Write out the entries below exactly, but only from the line containing "Our grapes grow, soon" through the line containing "#umbria #lagotrasimeno #lamborghini", and without the pictures.

» **INFORMATION PROVIDED**:
<<<<

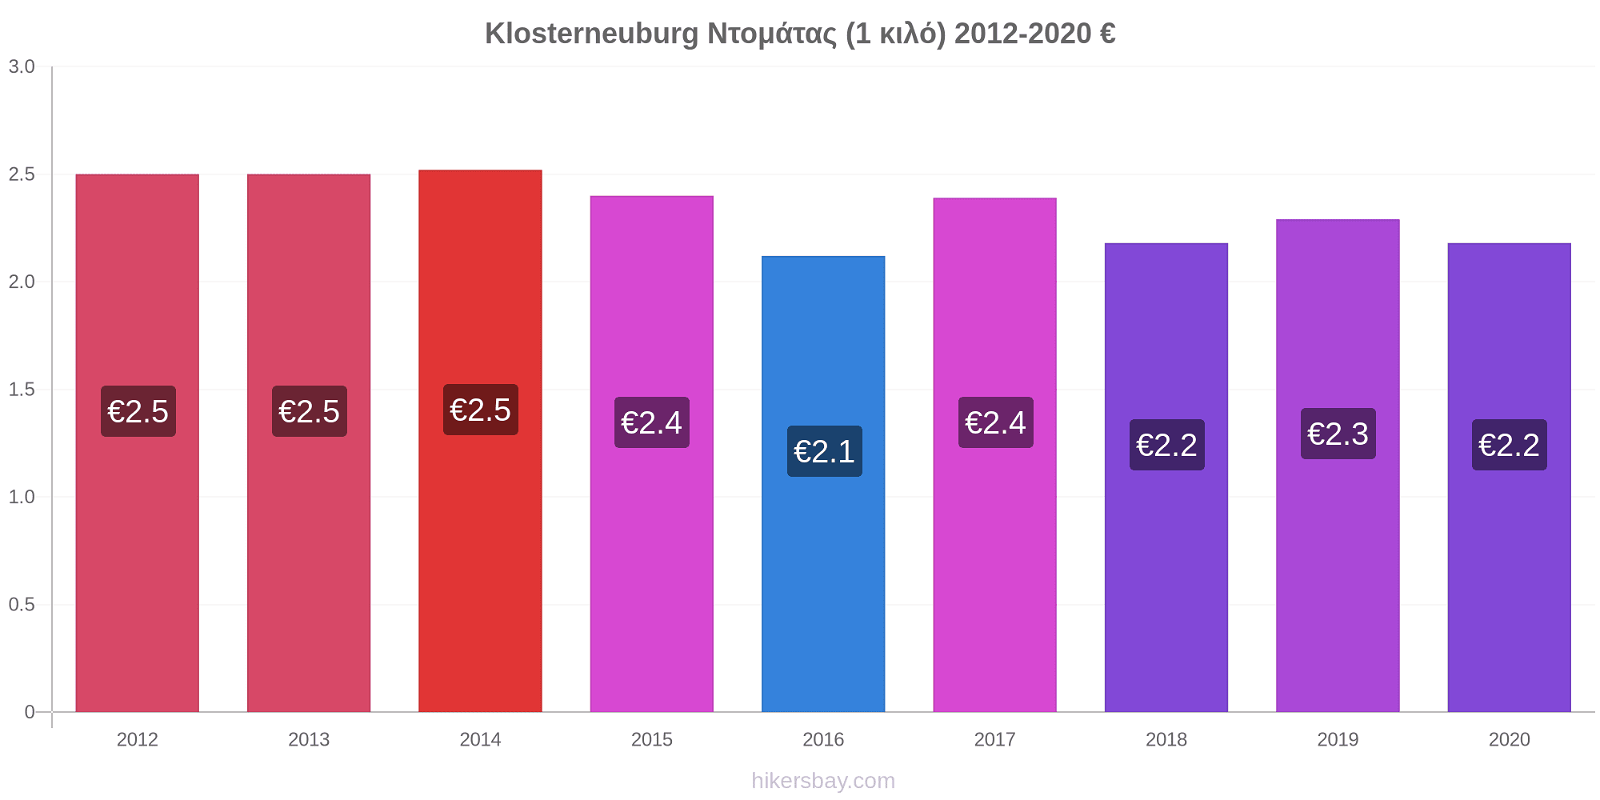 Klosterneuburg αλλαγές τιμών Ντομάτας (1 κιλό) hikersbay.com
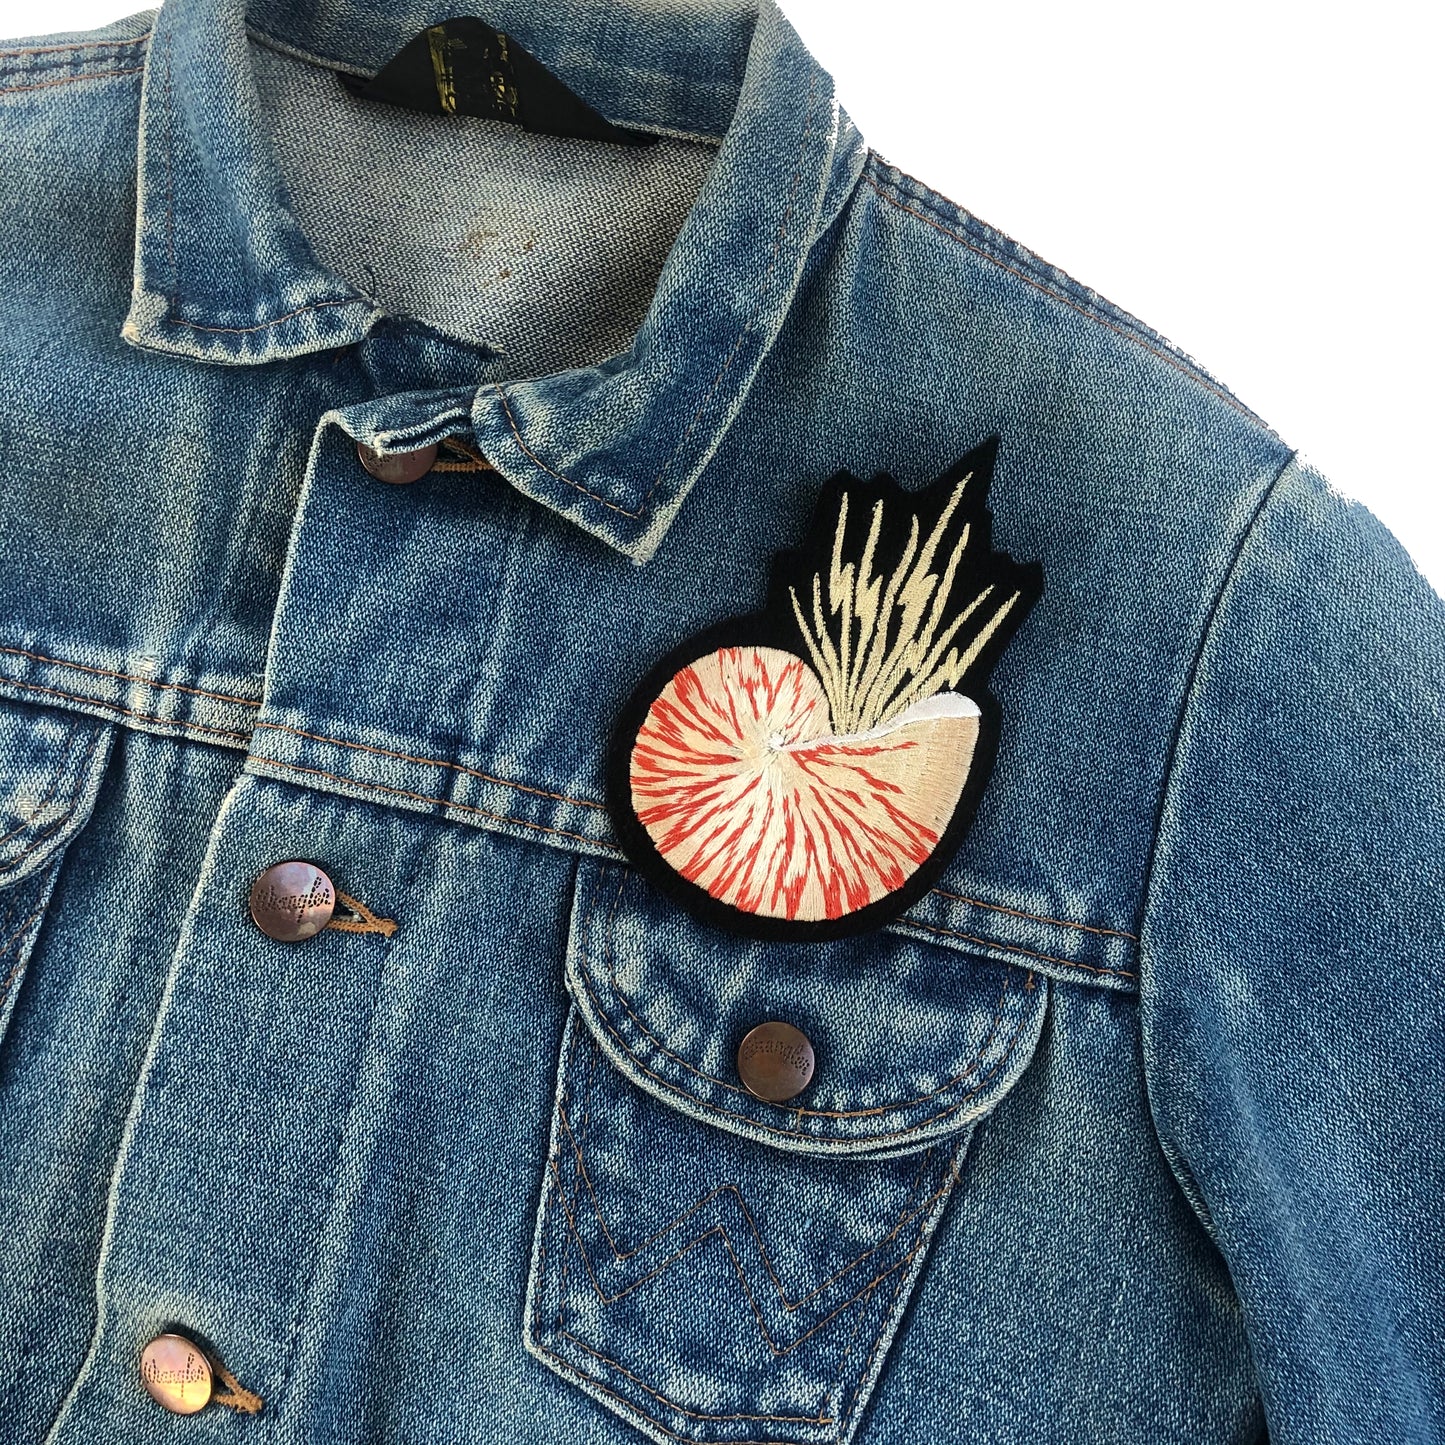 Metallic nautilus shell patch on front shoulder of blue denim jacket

>>>>
<<<<

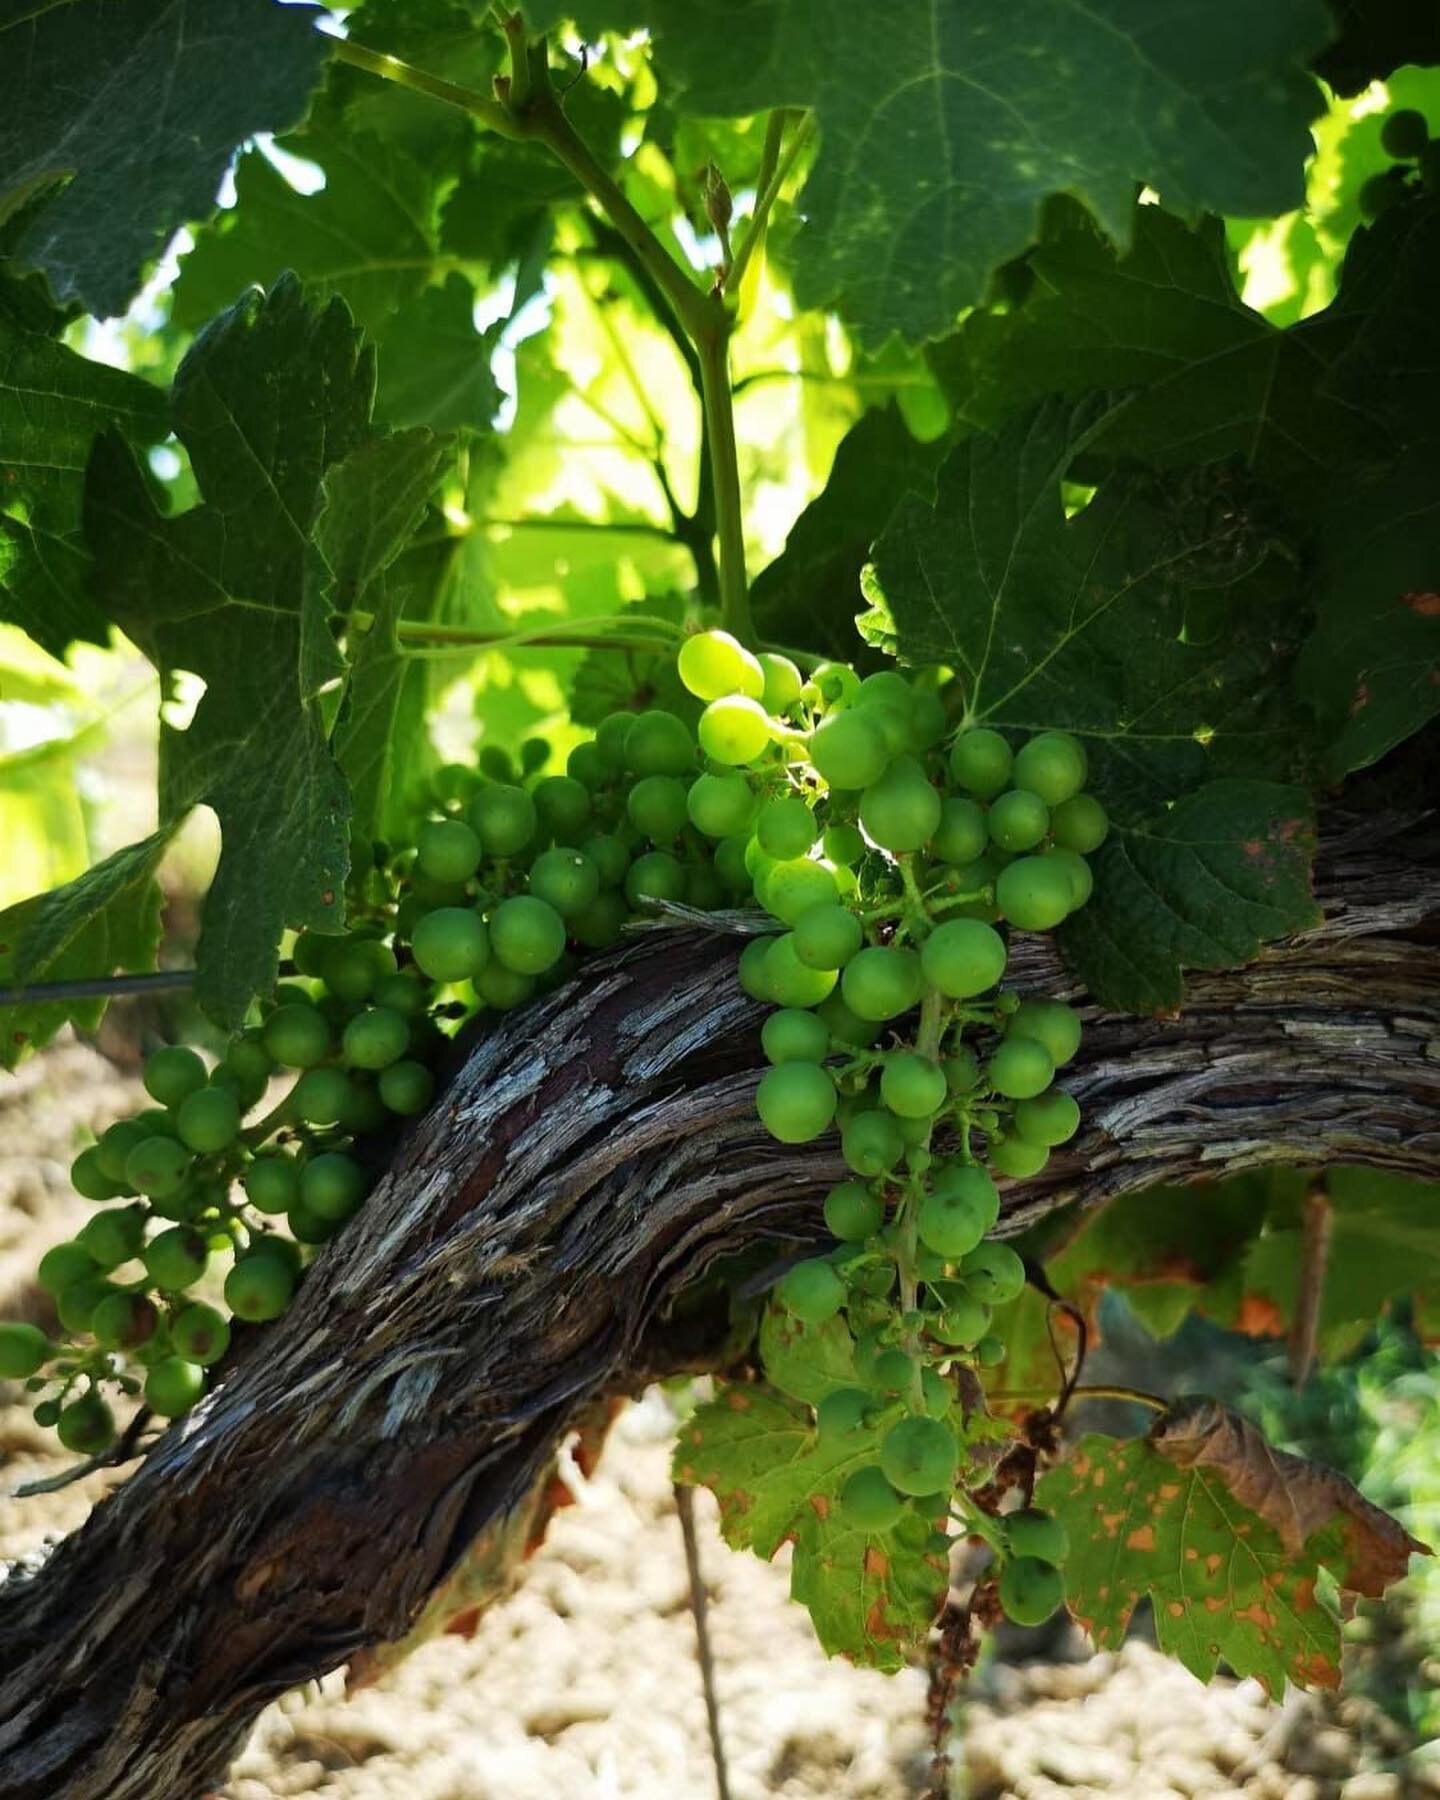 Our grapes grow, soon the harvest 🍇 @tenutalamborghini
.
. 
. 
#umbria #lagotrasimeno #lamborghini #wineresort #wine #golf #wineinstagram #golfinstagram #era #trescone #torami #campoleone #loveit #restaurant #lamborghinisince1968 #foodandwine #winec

>>>>

» **PROBLEM SOLUTION**:
 Our grapes grow, soon the harvest 🍇 @tenutalamborghini
.
. 
. 
#umbria #lagotrasimeno #lamborghini #wineresort #wine #golf #wineinstagram #golfinstagram #era #trescone #torami #campoleone #loveit #restaurant #lamborghinisince1968 #foodandwine #winec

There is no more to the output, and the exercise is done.